- [THE PROBLEM]:
Print the listing below a second time, exactly, and omit its images.

- [GIVEN INFORMATION]:
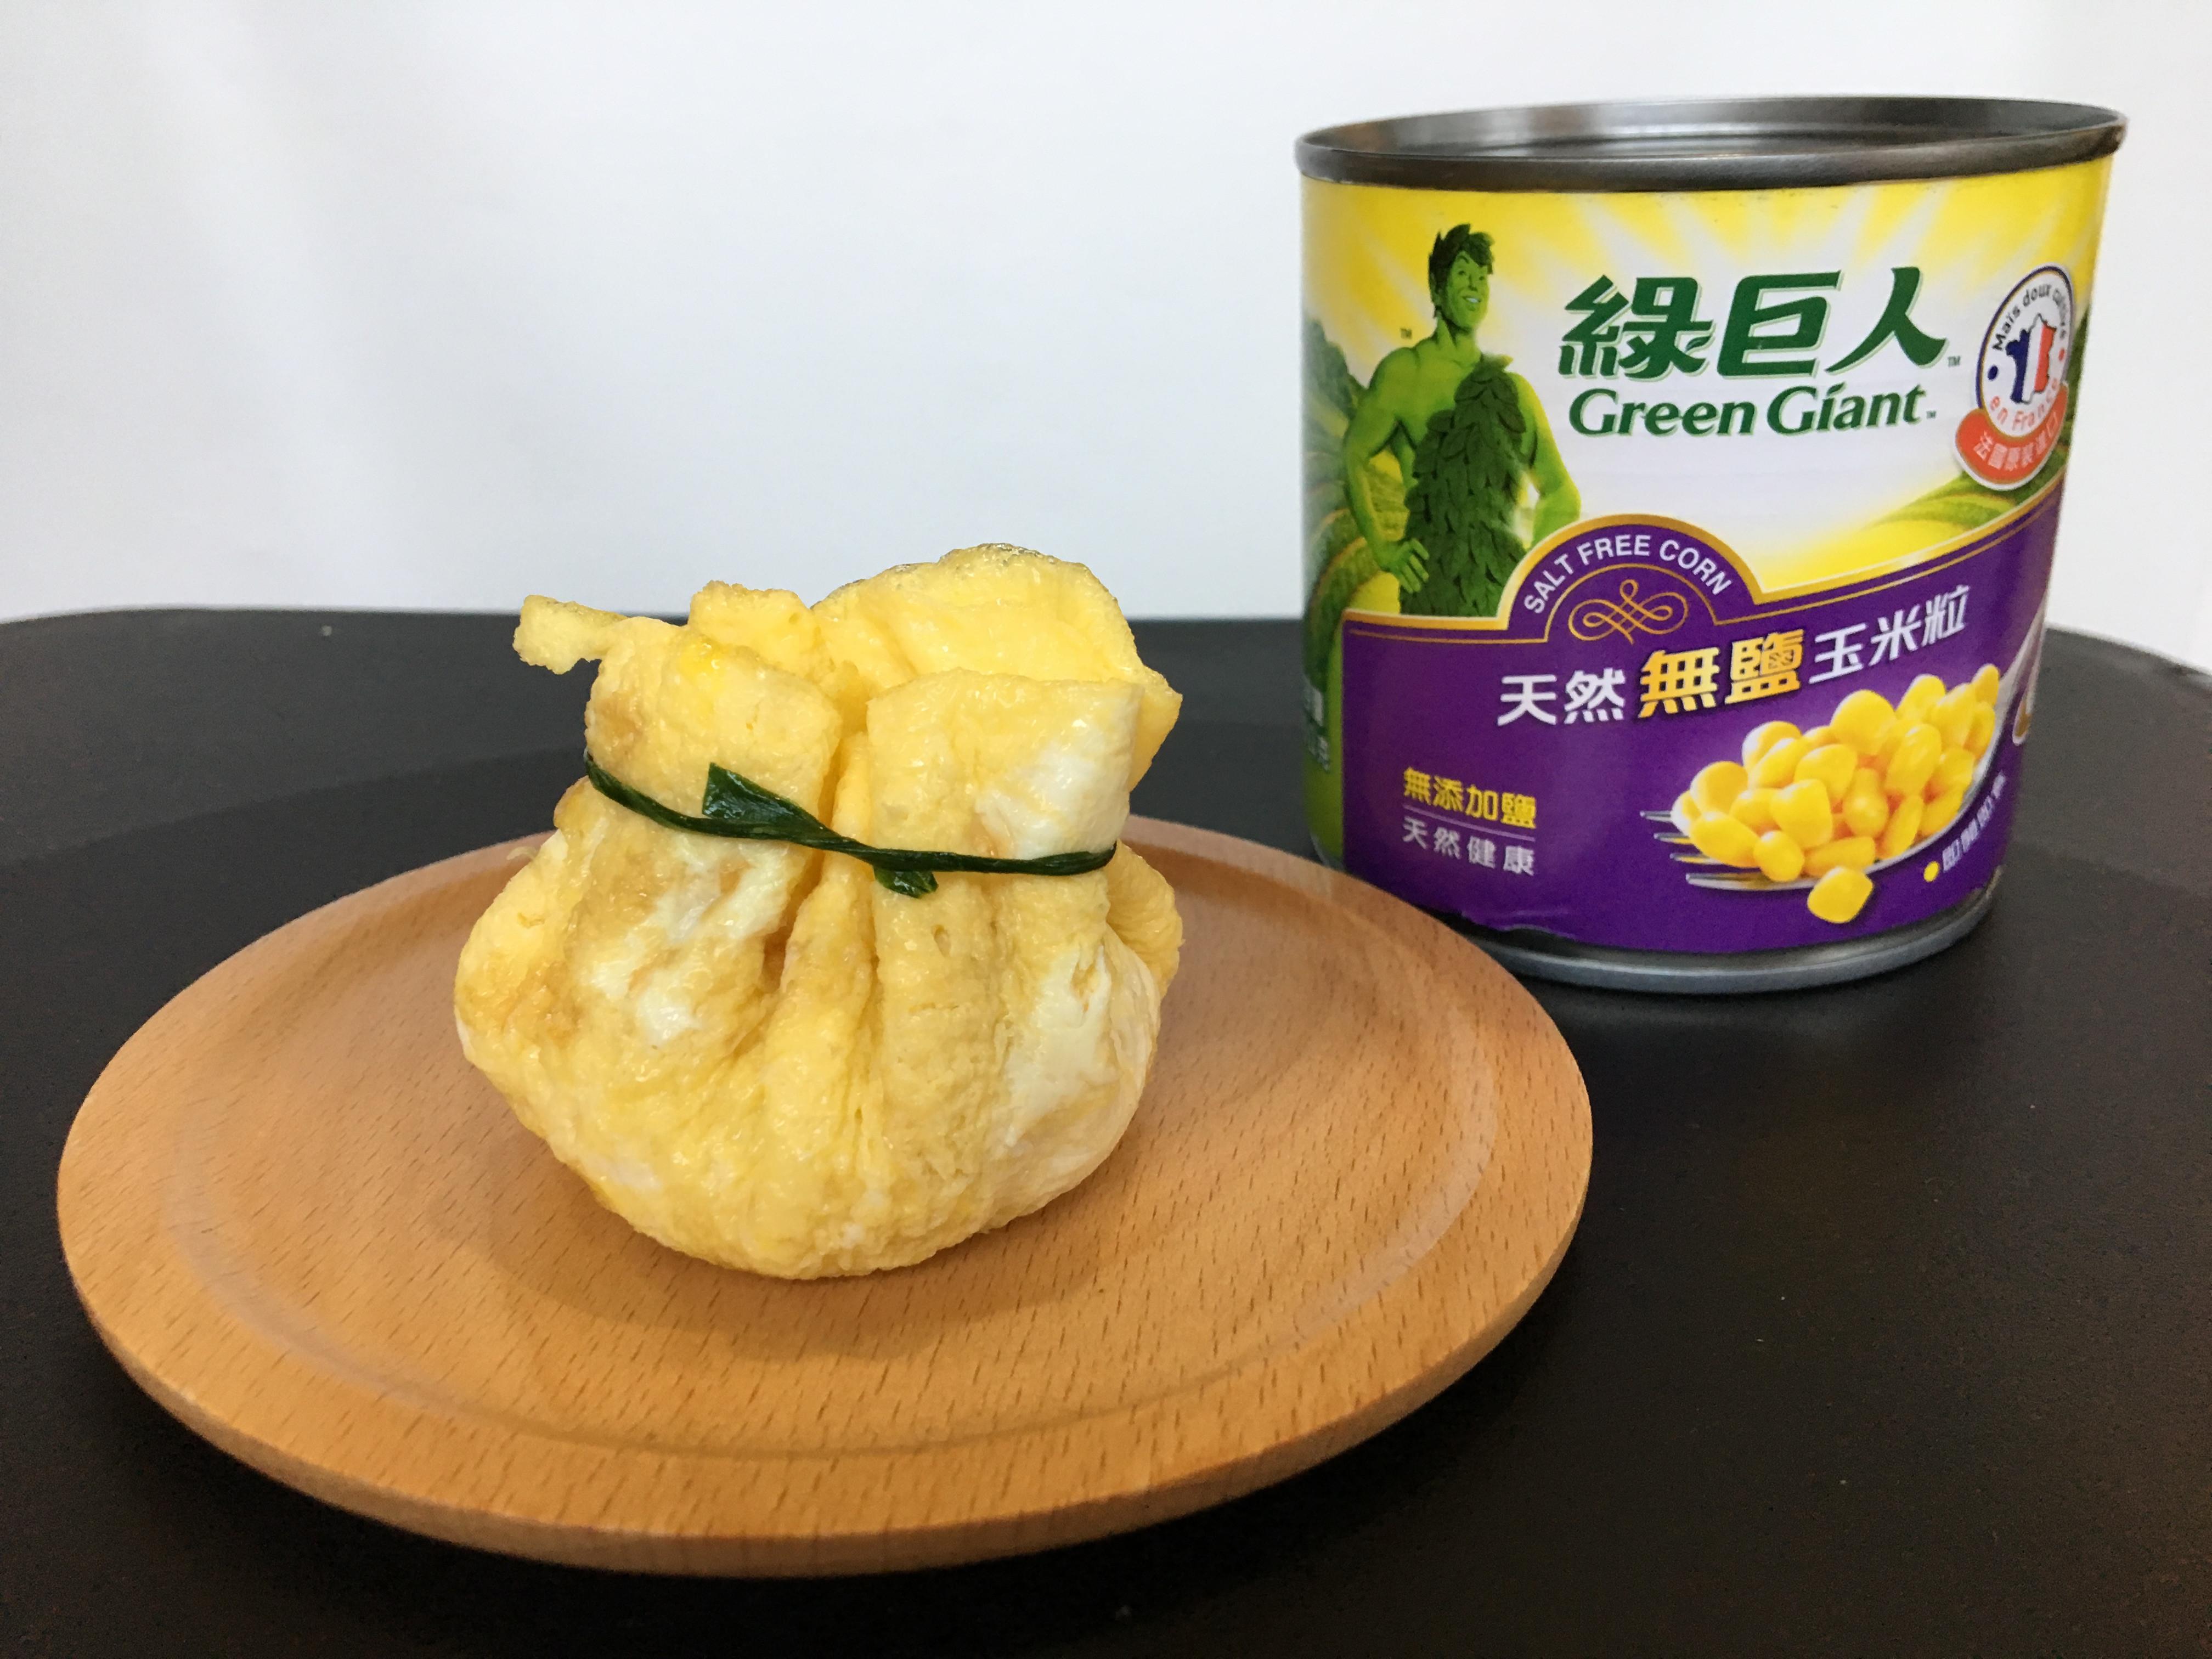 起司玉米黃金福袋
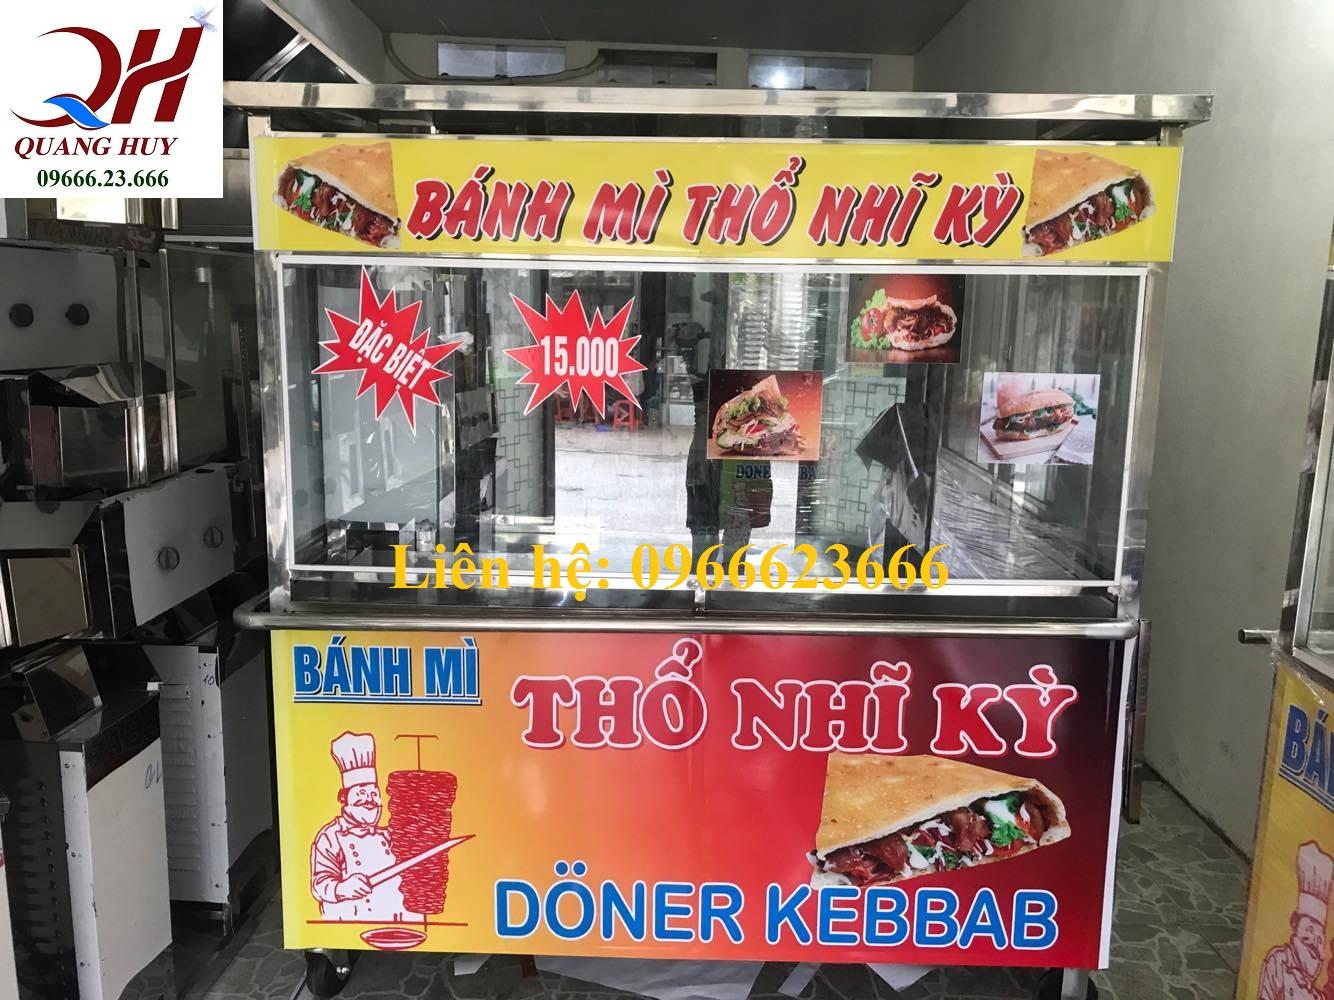 Xe bánh mì doentr kebab cỡ lớn
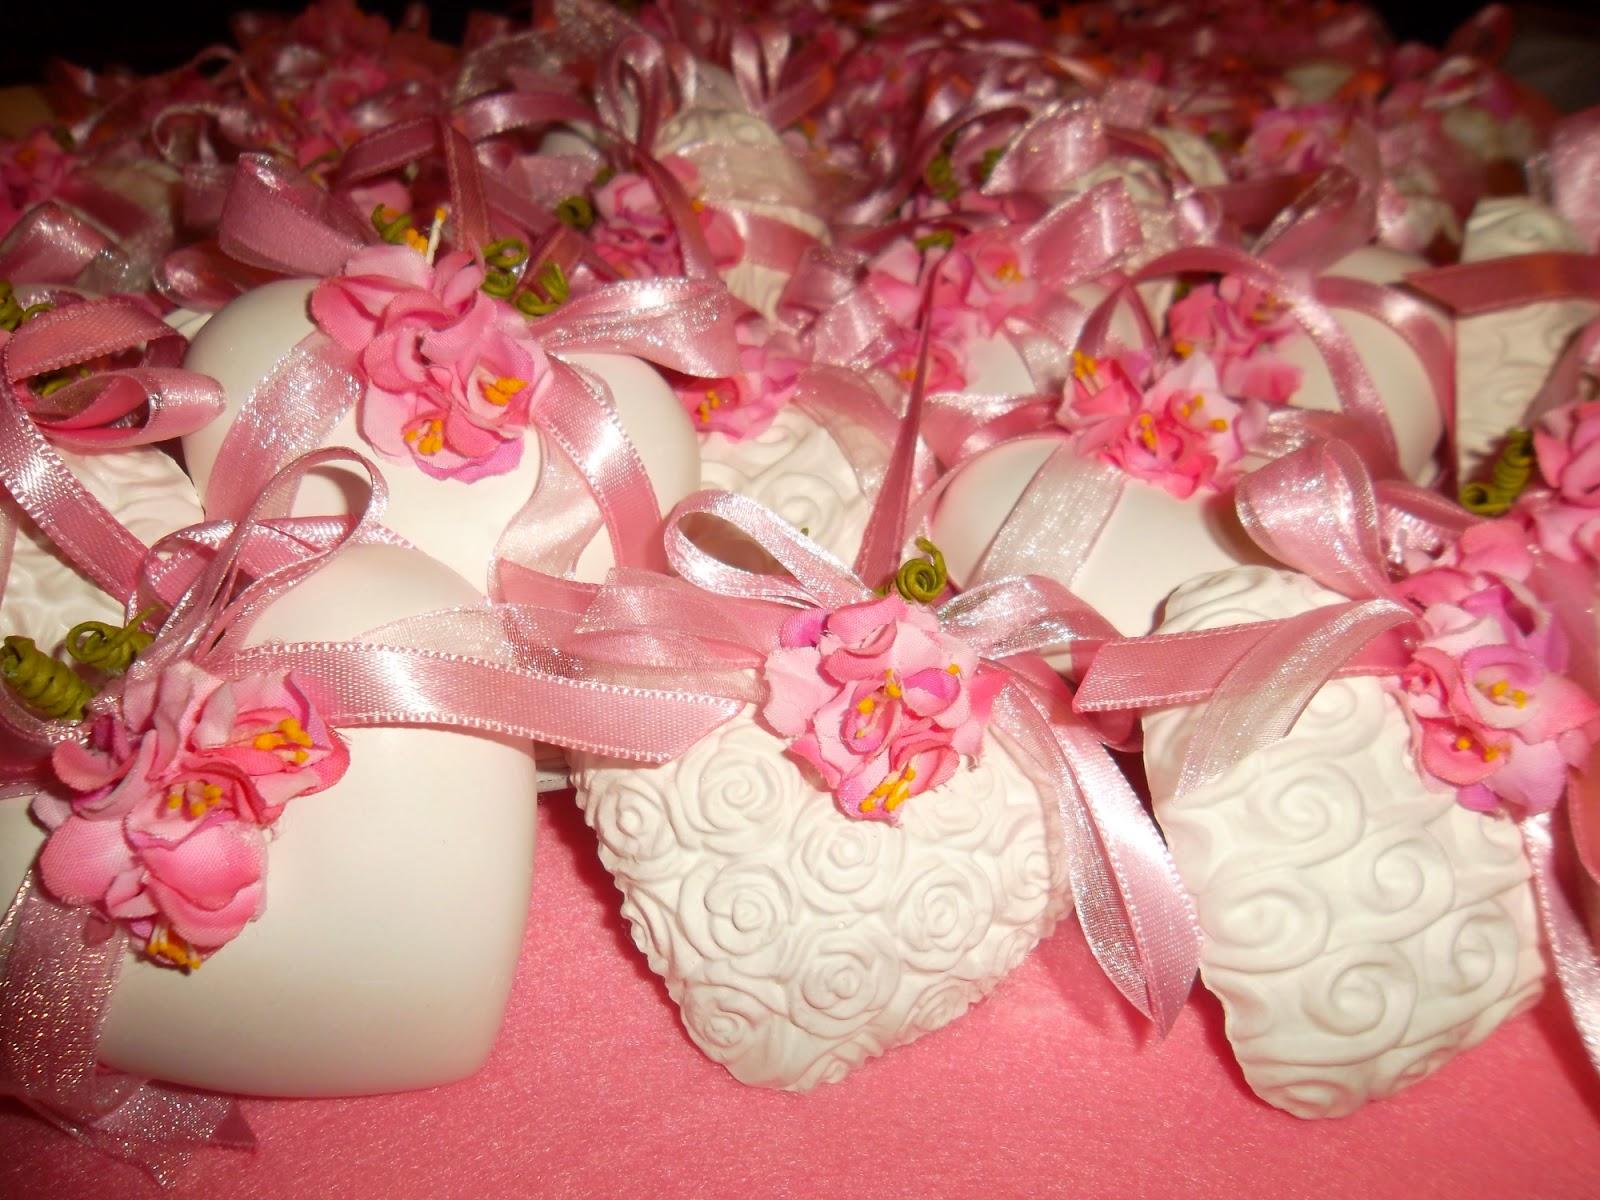 Marianna creazioni e ricami cuori bianchi nastri e fiori - Fiori gialli profumati ...

- [ANSWER TO THIS EXERCISE]:
 起司玉米黃金福袋
 Xe bánh mì doentr kebab cỡ lớn
 Marianna creazioni e ricami cuori bianchi nastri e fiori - Fiori gialli profumati ...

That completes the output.